=== DATASET CONTENT ===
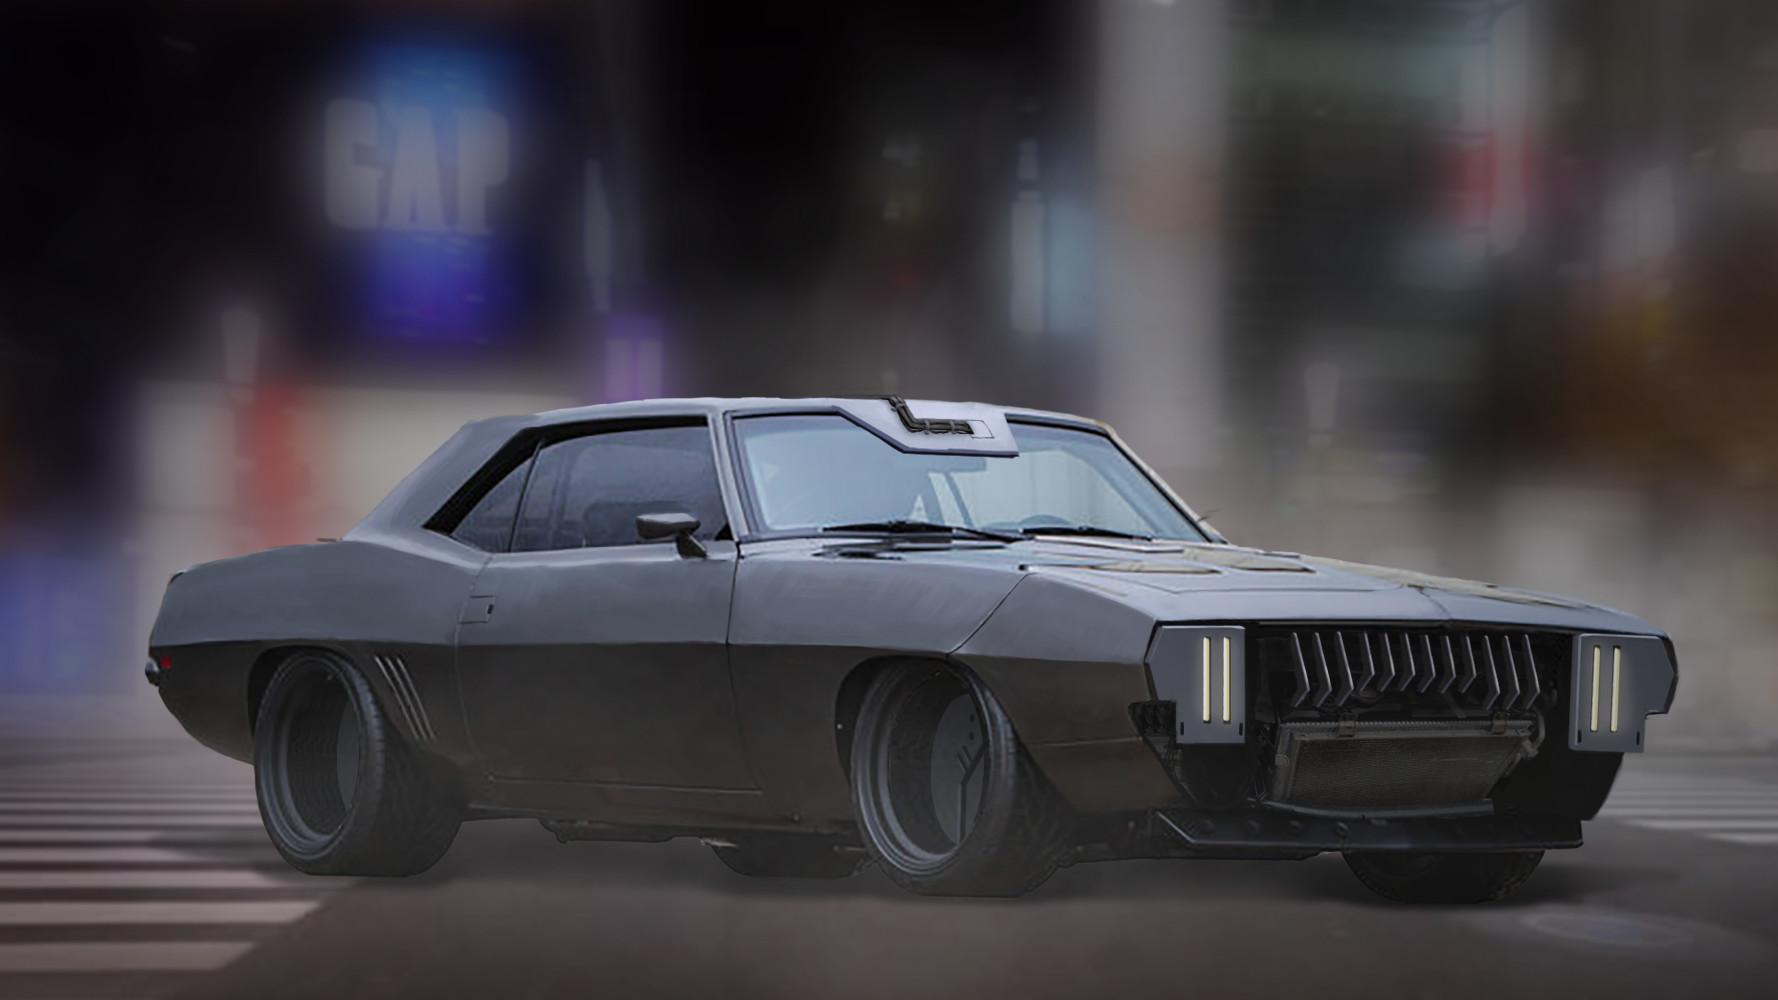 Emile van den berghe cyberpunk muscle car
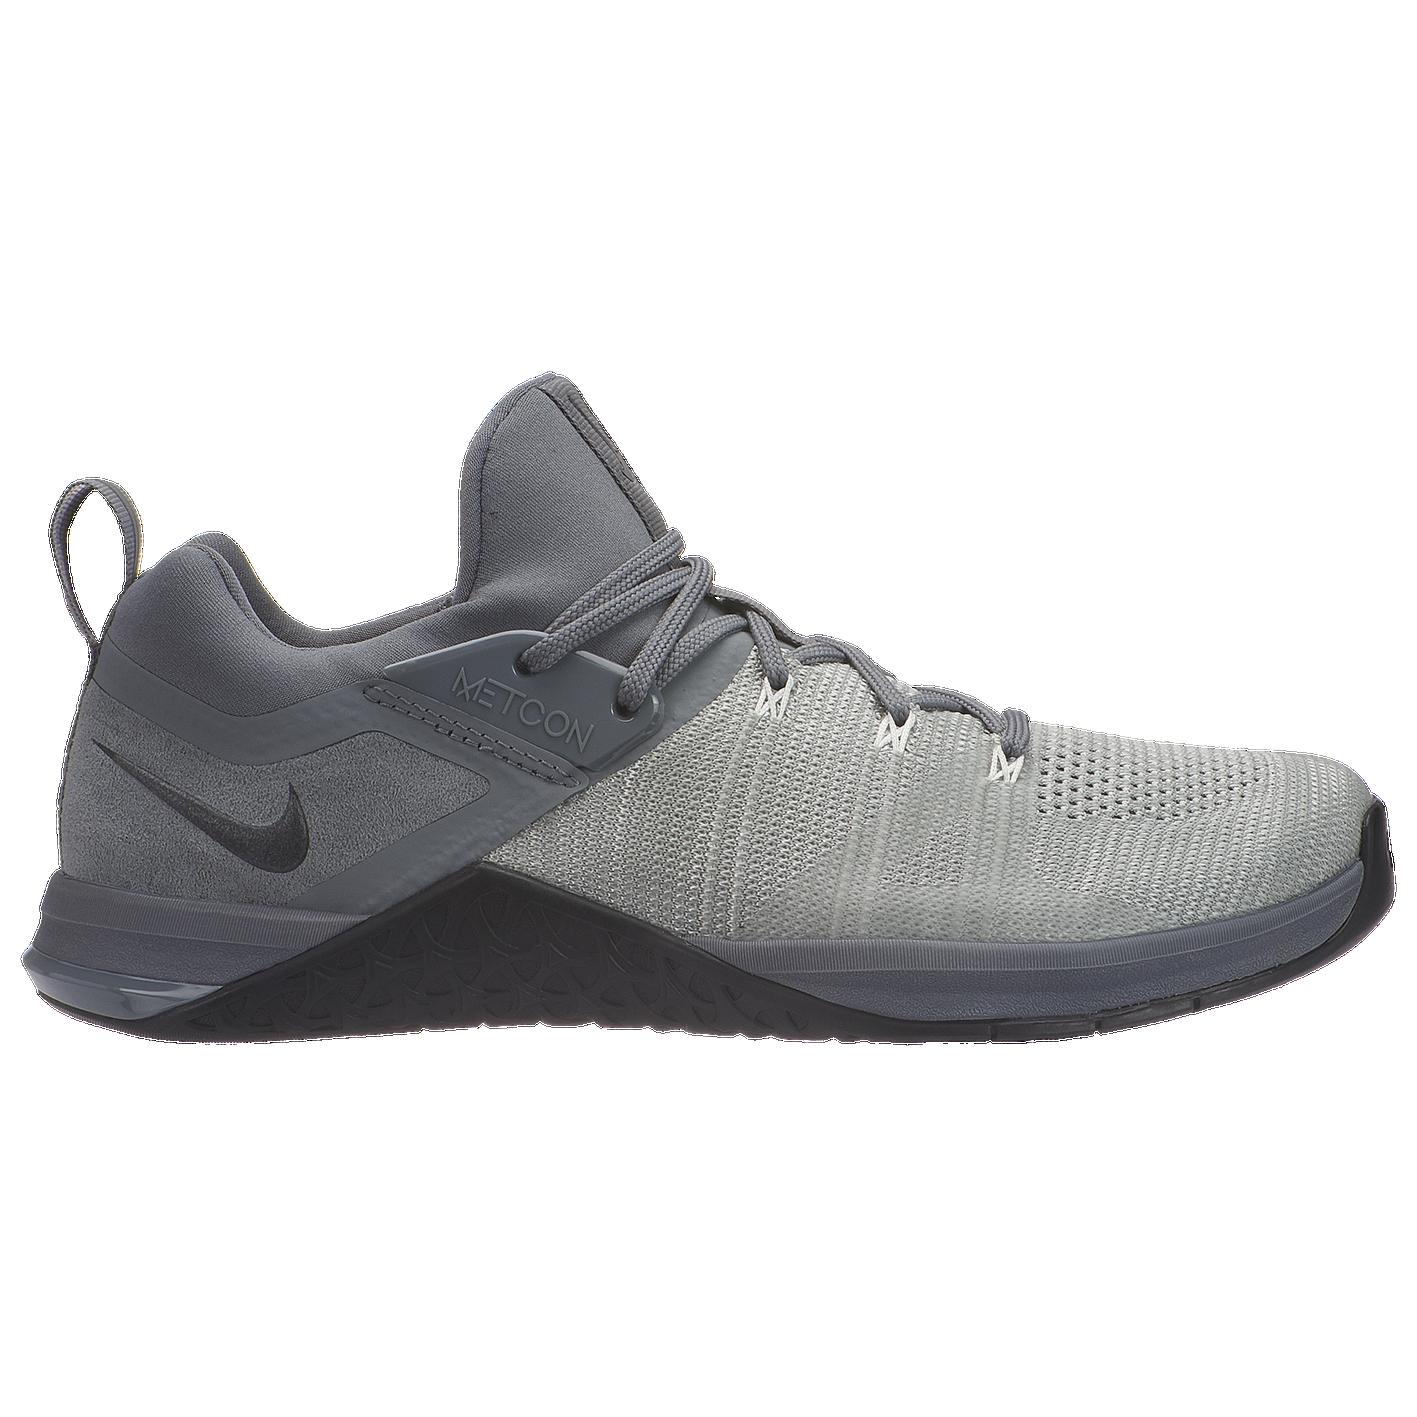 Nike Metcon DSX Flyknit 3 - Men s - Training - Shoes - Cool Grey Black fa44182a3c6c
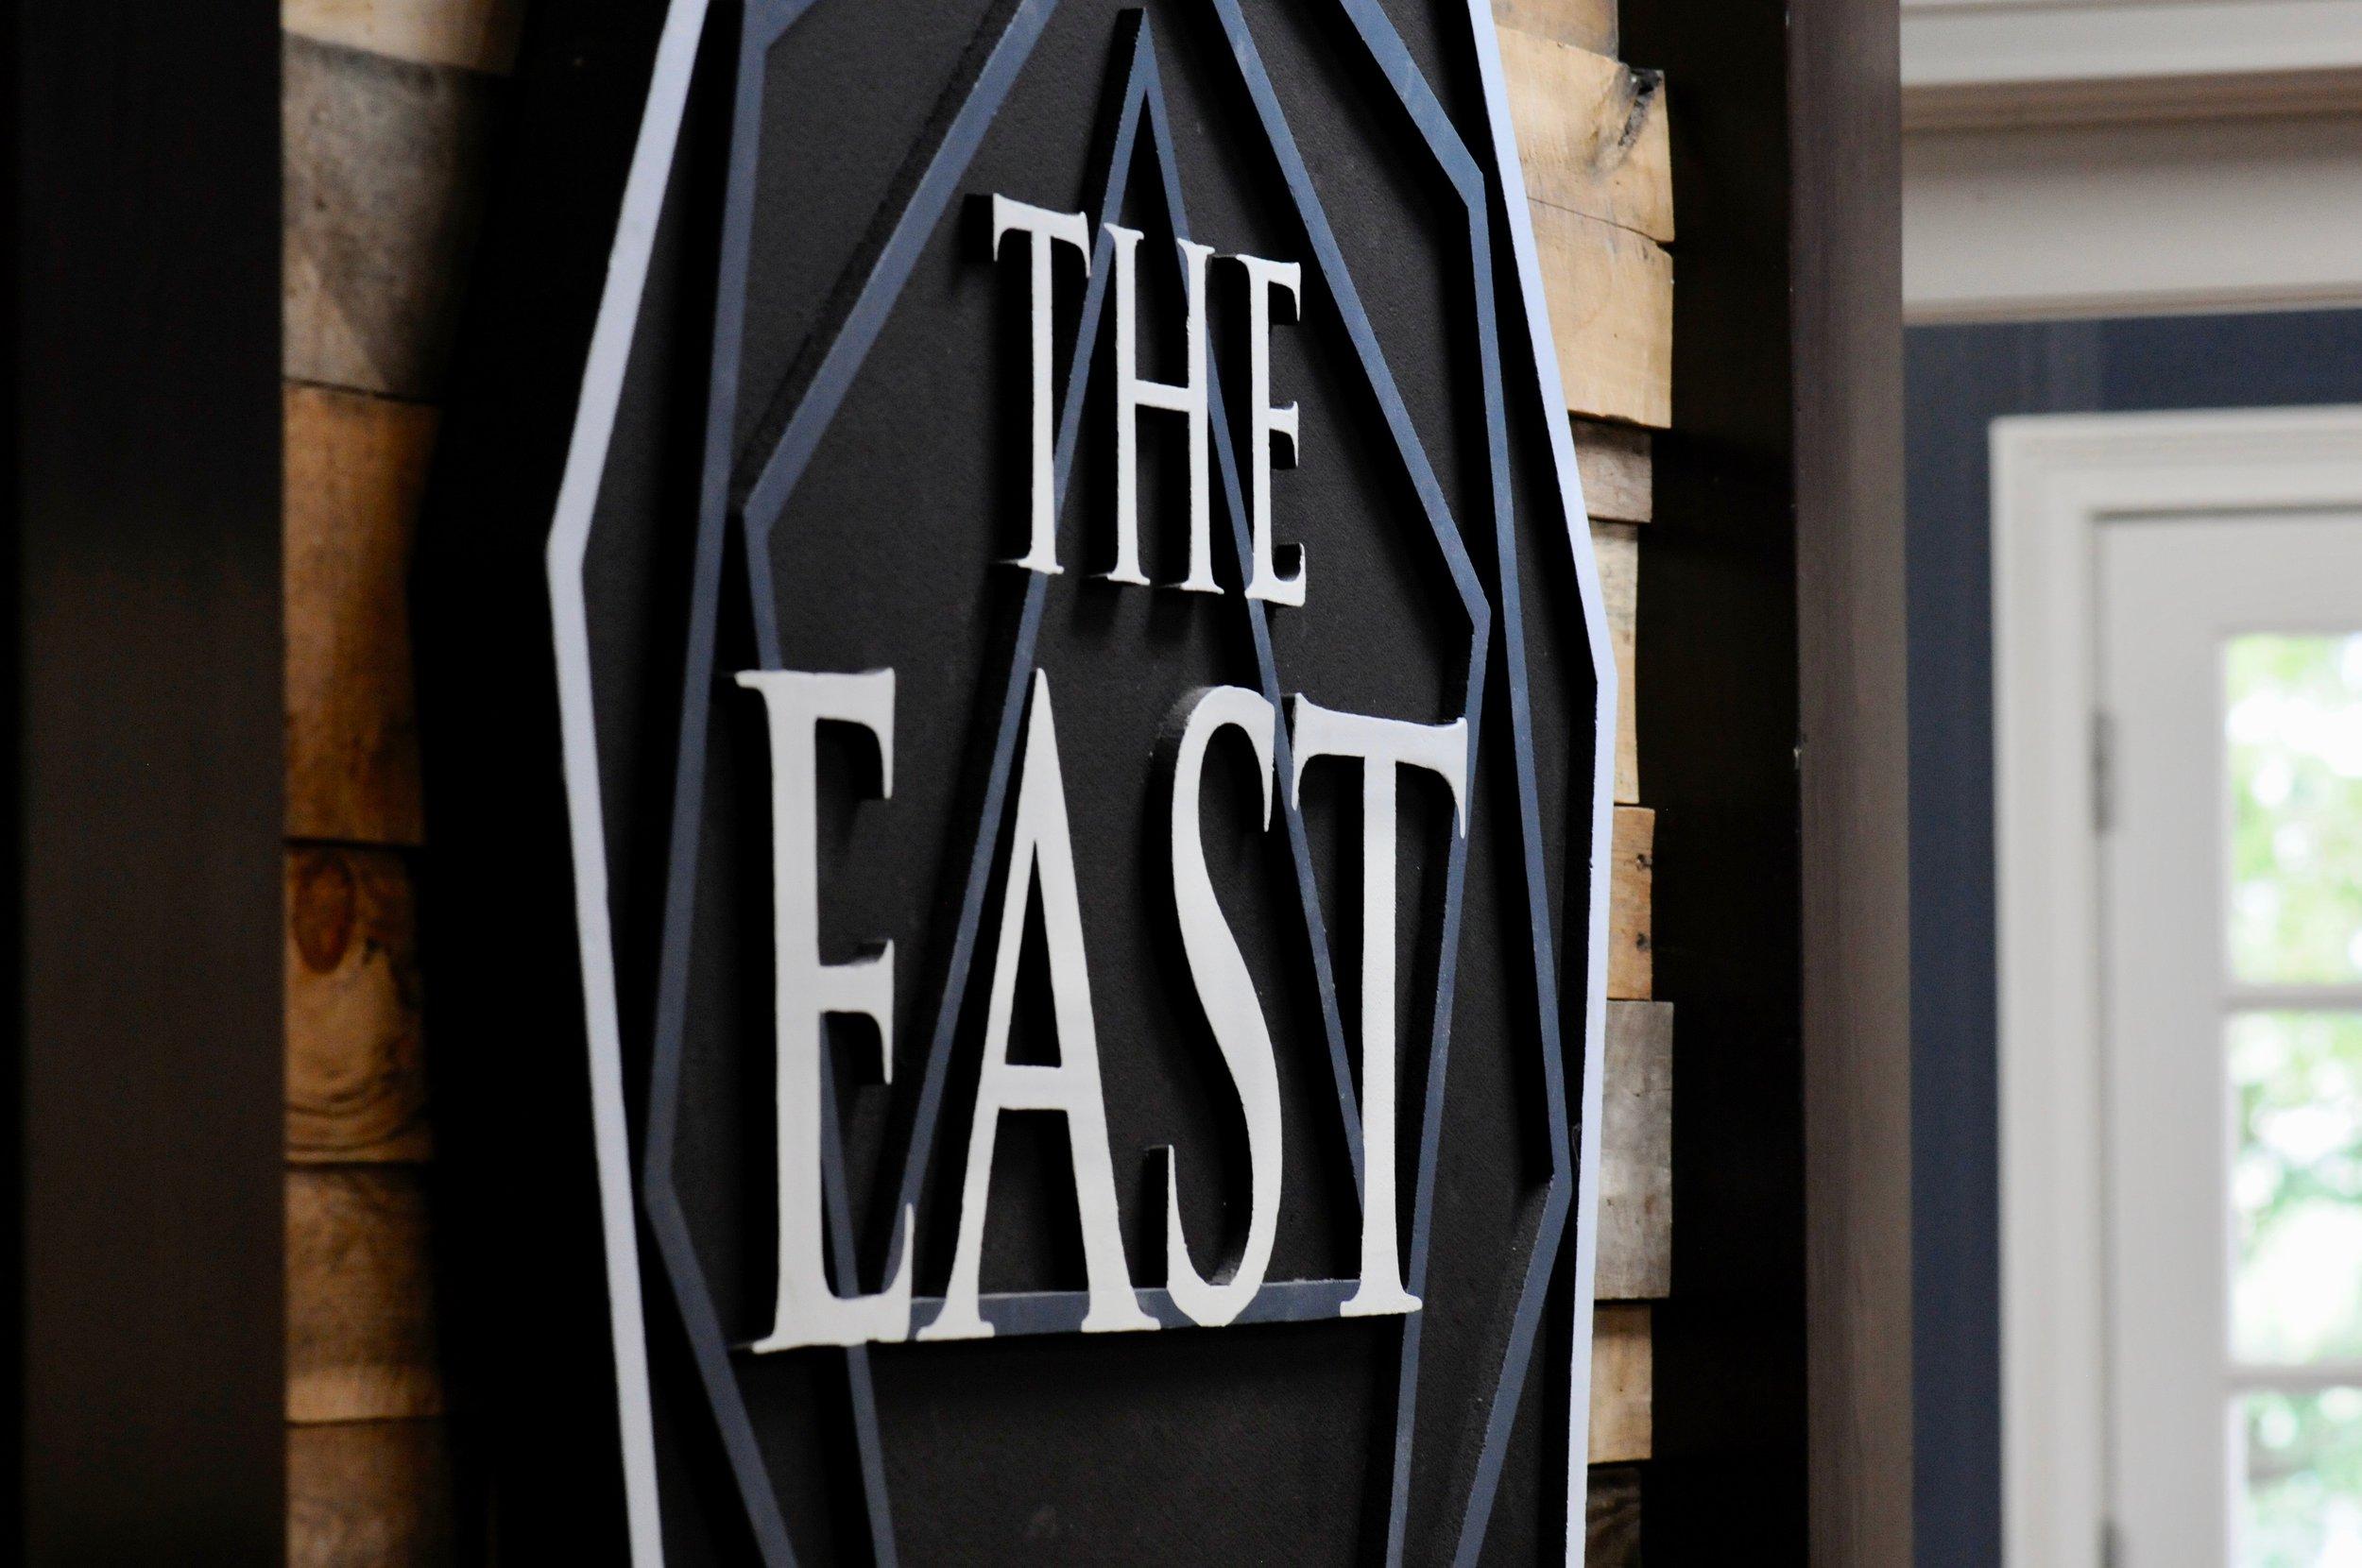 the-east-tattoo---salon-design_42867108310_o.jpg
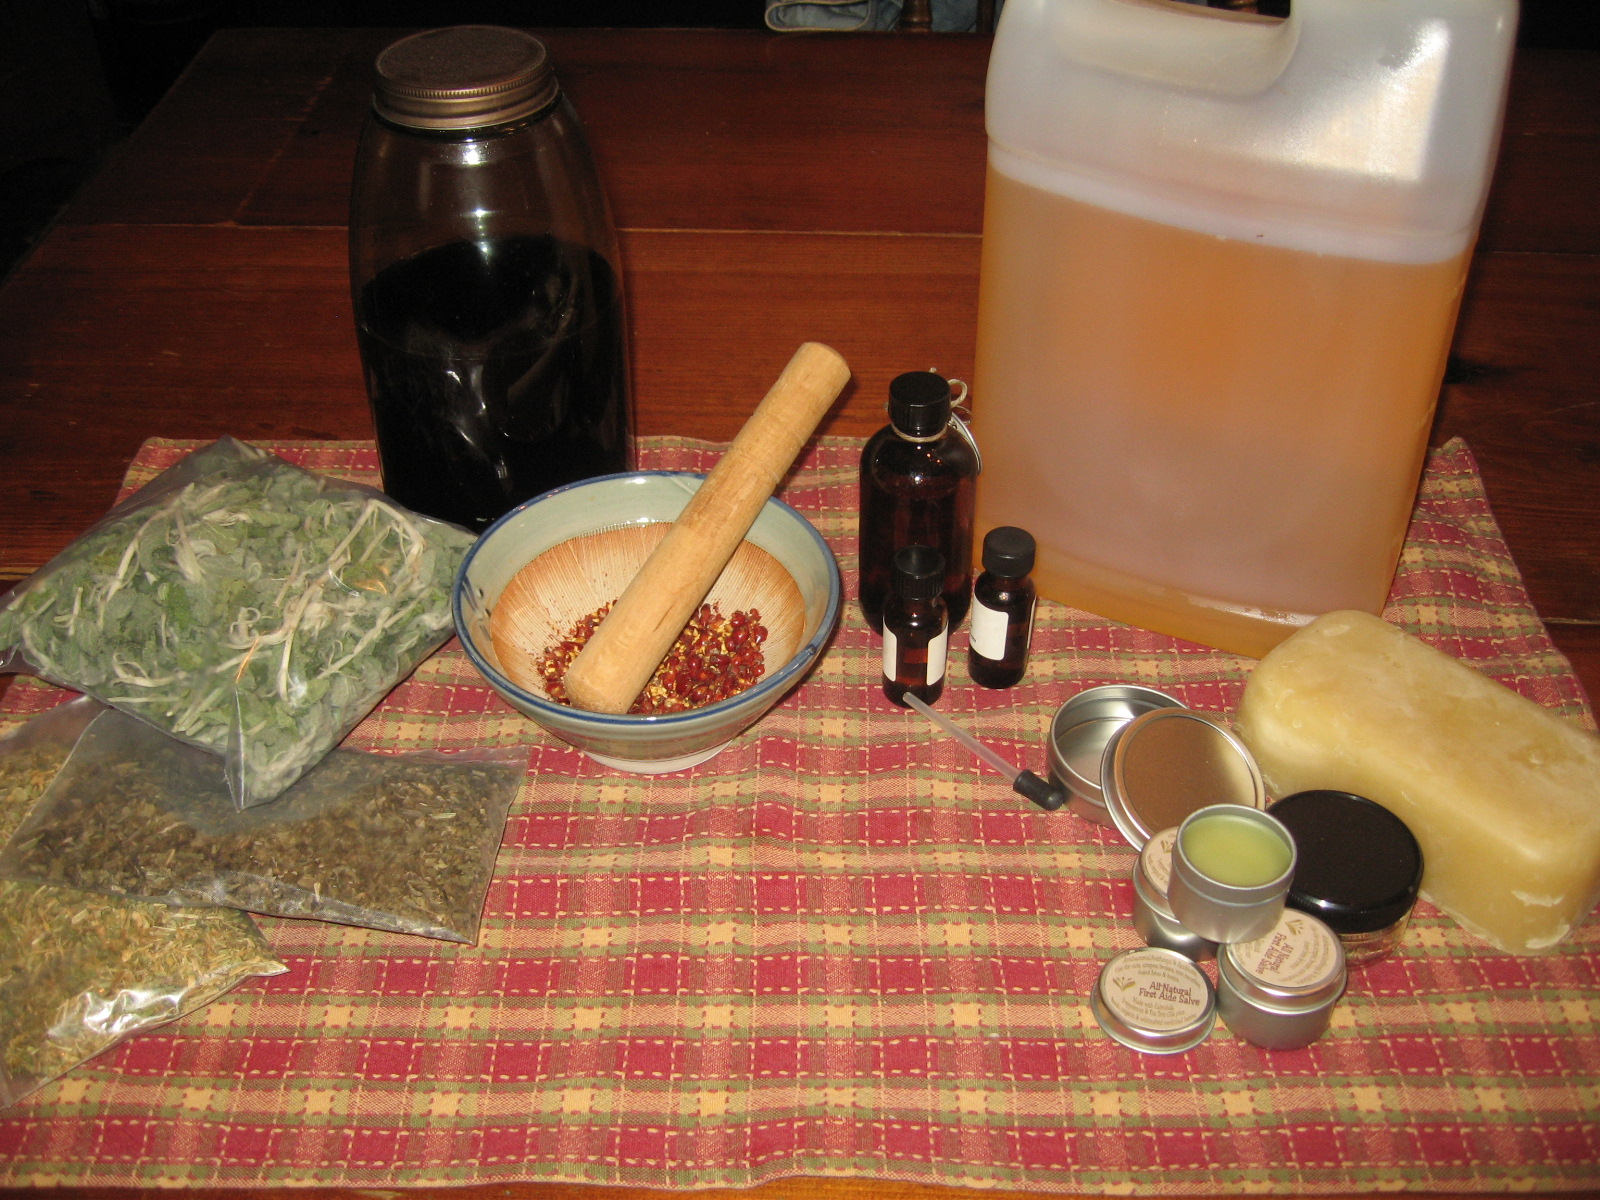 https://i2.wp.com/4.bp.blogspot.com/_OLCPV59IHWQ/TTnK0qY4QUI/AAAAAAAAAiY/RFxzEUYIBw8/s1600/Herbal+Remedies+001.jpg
===
• _WHAT IS REQUIRED_
Go through the listing above and retype it exactly, skipping every picture.

• _WRITTEN RESPONSE_
 Emile van den berghe cyberpunk muscle car
 Nike Metcon DSX Flyknit 3 - Men s - Training - Shoes - Cool Grey Black fa44182a3c6c
 the-east-tattoo---salon-design_42867108310_o.jpg
 https://i2.wp.com/4.bp.blogspot.com/_OLCPV59IHWQ/TTnK0qY4QUI/AAAAAAAAAiY/RFxzEUYIBw8/s1600/Herbal+Remedies+001.jpg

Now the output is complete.